Swatch Group Faces Pressure for Governance Overhaul

U.S. investor Steven Wood criticizes Swatch Group's governance, suggesting board and policy reforms. Wood, leading GreenWood Investors, wants changes boosting bearer shareholders' board influence. Swatch's luxury brand focus is urged following declining stocks and market exclusion. Swatch disputes governance changes proposed by its stakeholders.


Devdiscourse News Desk | Updated: 29-11-2025 14:09 IST | Created: 29-11-2025 14:09 IST
Swatch Group Faces Pressure for Governance Overhaul
This image is AI-generated and does not depict any real-life event or location. It is a fictional representation created for illustrative purposes only.

Steven Wood, a U.S. investor, has launched a critique against Swatch Group, labeling its governance as 'worst-in-class' and proposing comprehensive reforms to the board structure. Wood, who helms GreenWood Investors, is actively advocating for these changes despite owning a mere 0.5% stake in Swatch.

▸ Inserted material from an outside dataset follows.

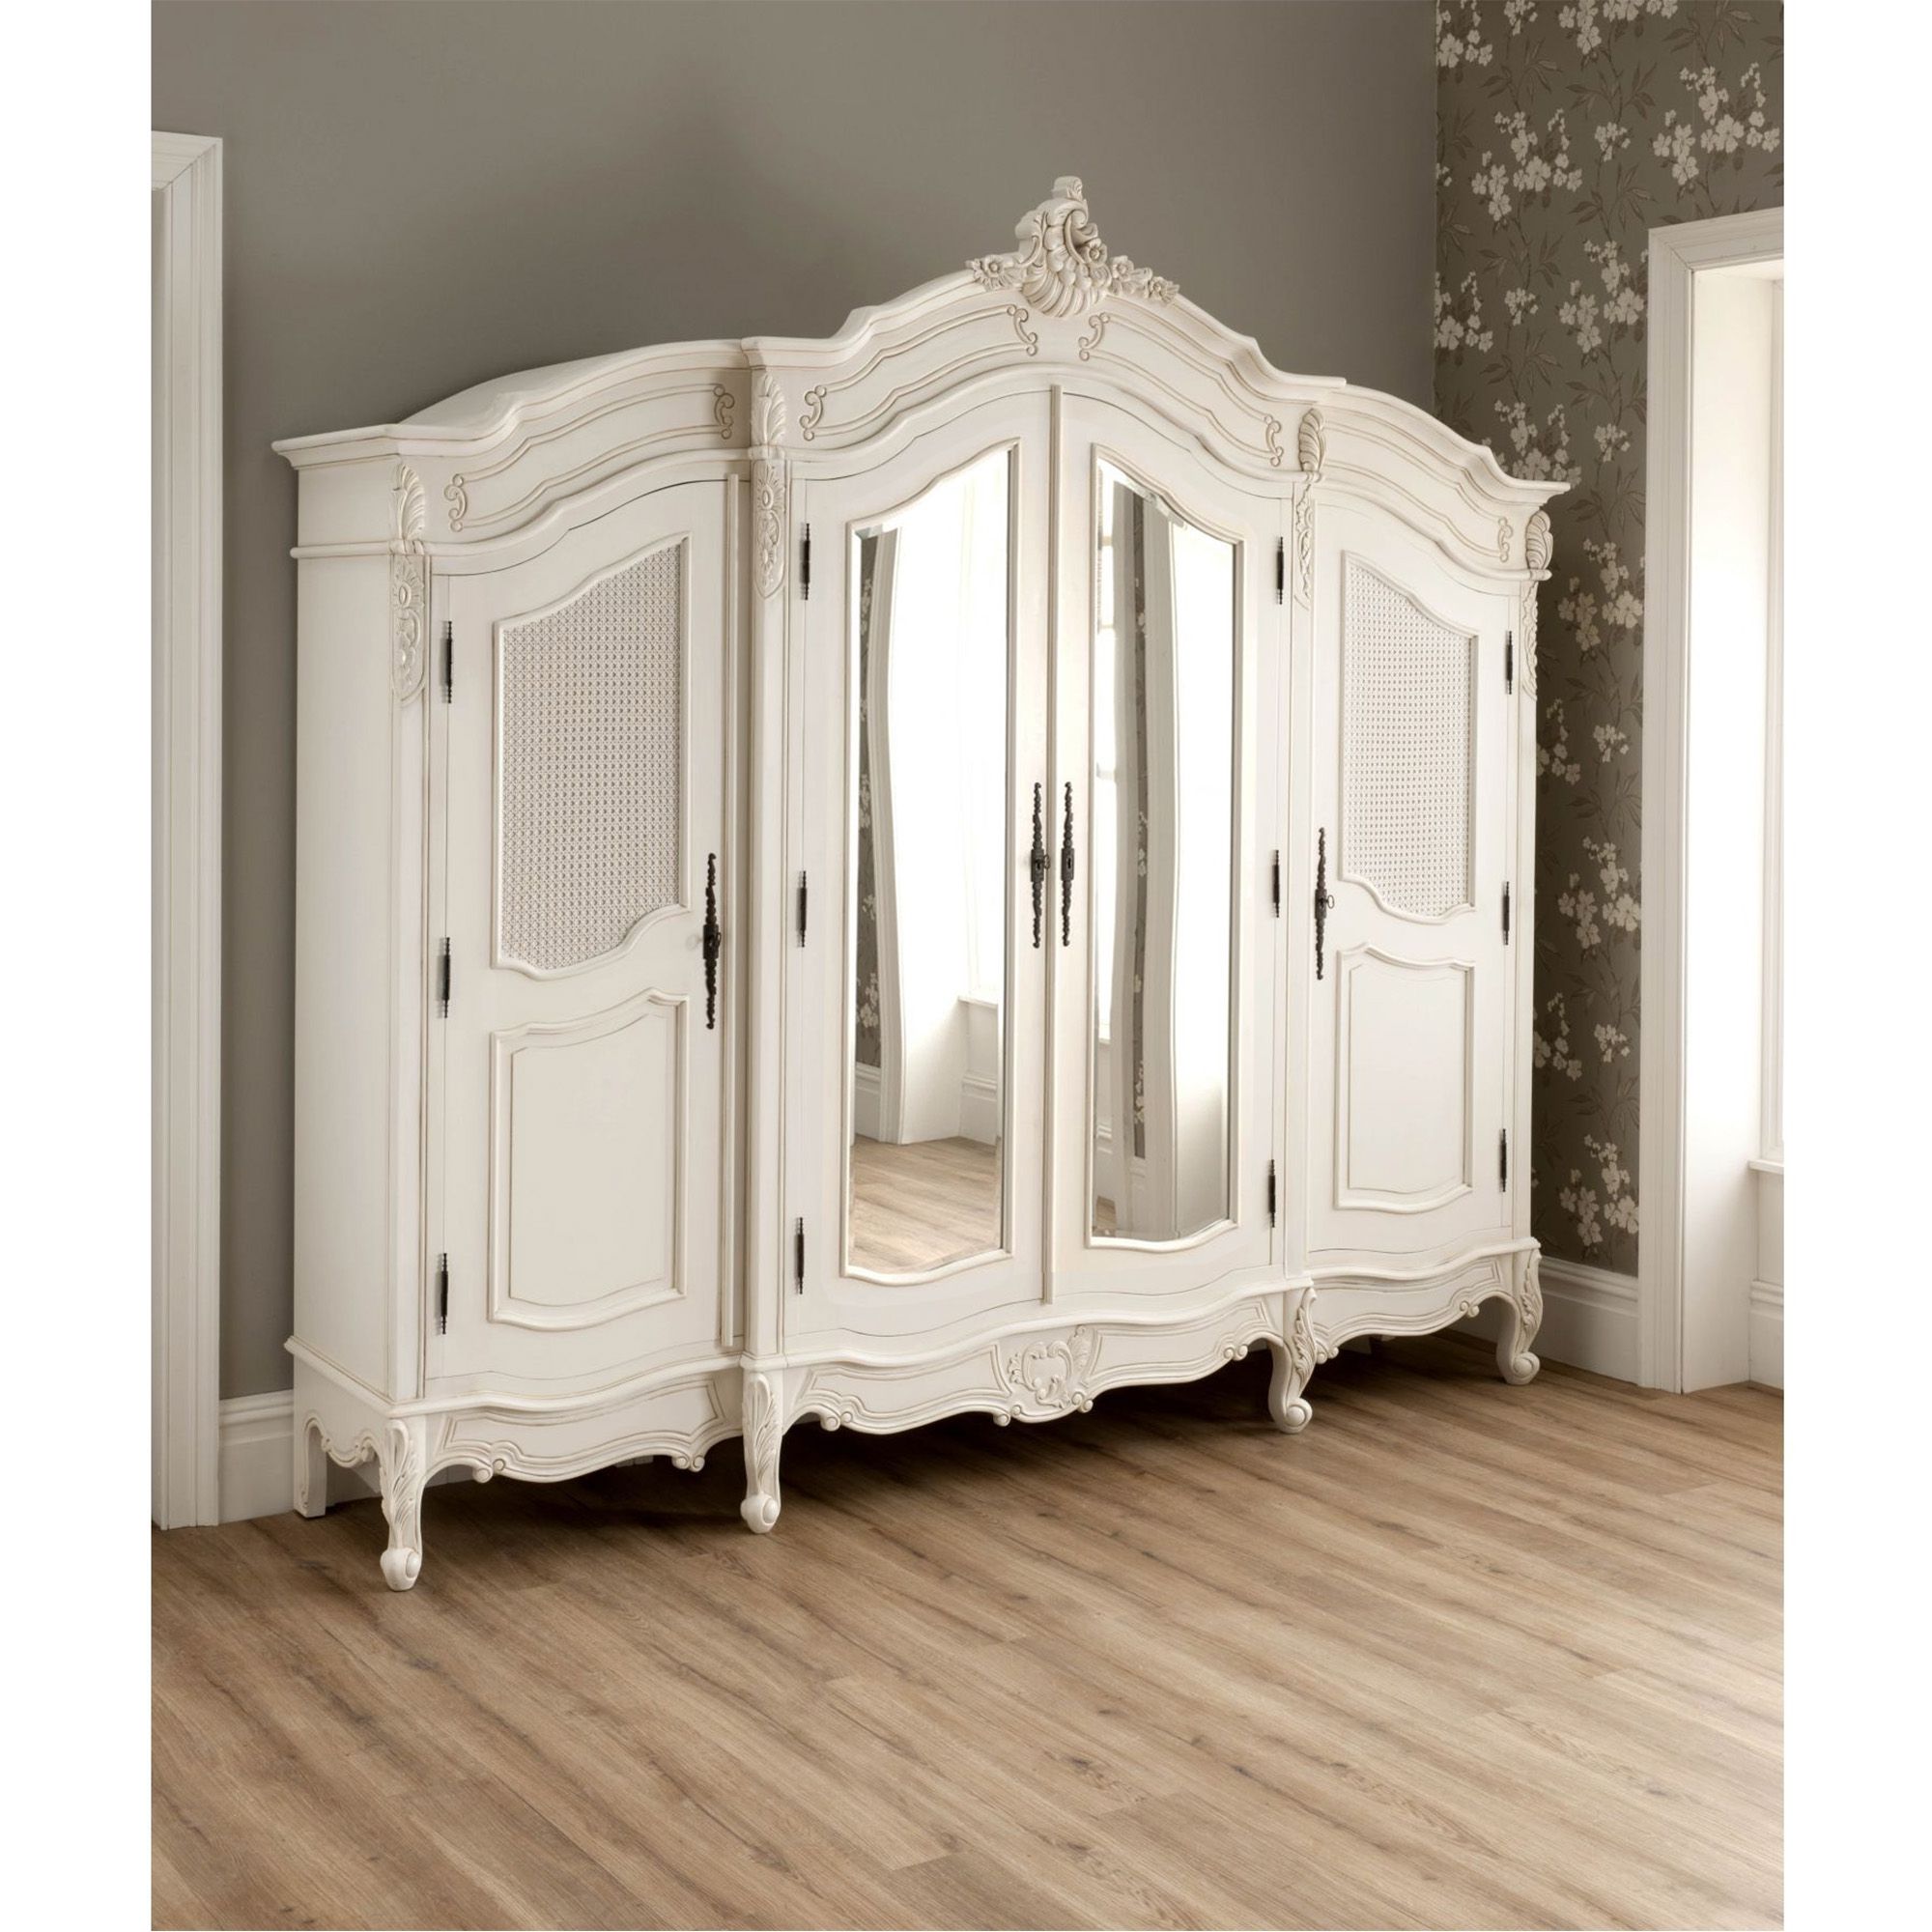 Antique French Wardrobe | Vintage Wardrobes | Antique Wardrobes | With Regard To French White Wardrobes (View 12 of 20)

GreenWood Investors has previously attempted to secure a board position but faced rejection. Wood is now lobbying for six governance amendments, prioritizing enhanced rights for bearer shareholders, who control the majority of shares but lack equivalent voting influence. He cited the need for Swatch to refocus on its luxury brands to arrest its declining market position.

Swatch, responding to Wood's pressure, acknowledged receiving GreenWood's proposals, but is yet to validate their legitimacy in terms of meeting legal requirements. The Swiss watch giant, behind brands like Tissot and Omega, faces challenges including a plummet in stock value and being dropped from the Swiss Leader Index.